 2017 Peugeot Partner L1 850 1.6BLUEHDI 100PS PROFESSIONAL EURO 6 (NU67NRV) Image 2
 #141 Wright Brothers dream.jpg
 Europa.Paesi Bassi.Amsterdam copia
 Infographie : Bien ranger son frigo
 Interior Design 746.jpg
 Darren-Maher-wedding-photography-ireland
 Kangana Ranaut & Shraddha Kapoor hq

----

◆ EXERCISE ◆
Each record must be reproduced exactly, with nothing missing.

◆ YOUR RESPONSE ◆
 2017 Peugeot Partner L1 850 1.6BLUEHDI 100PS PROFESSIONAL EURO 6 (NU67NRV) Image 2
 #141 Wright Brothers dream.jpg
 Europa.Paesi Bassi.Amsterdam copia
 Infographie : Bien ranger son frigo
 Interior Design 746.jpg
 Darren-Maher-wedding-photography-ireland
 Kangana Ranaut & Shraddha Kapoor hq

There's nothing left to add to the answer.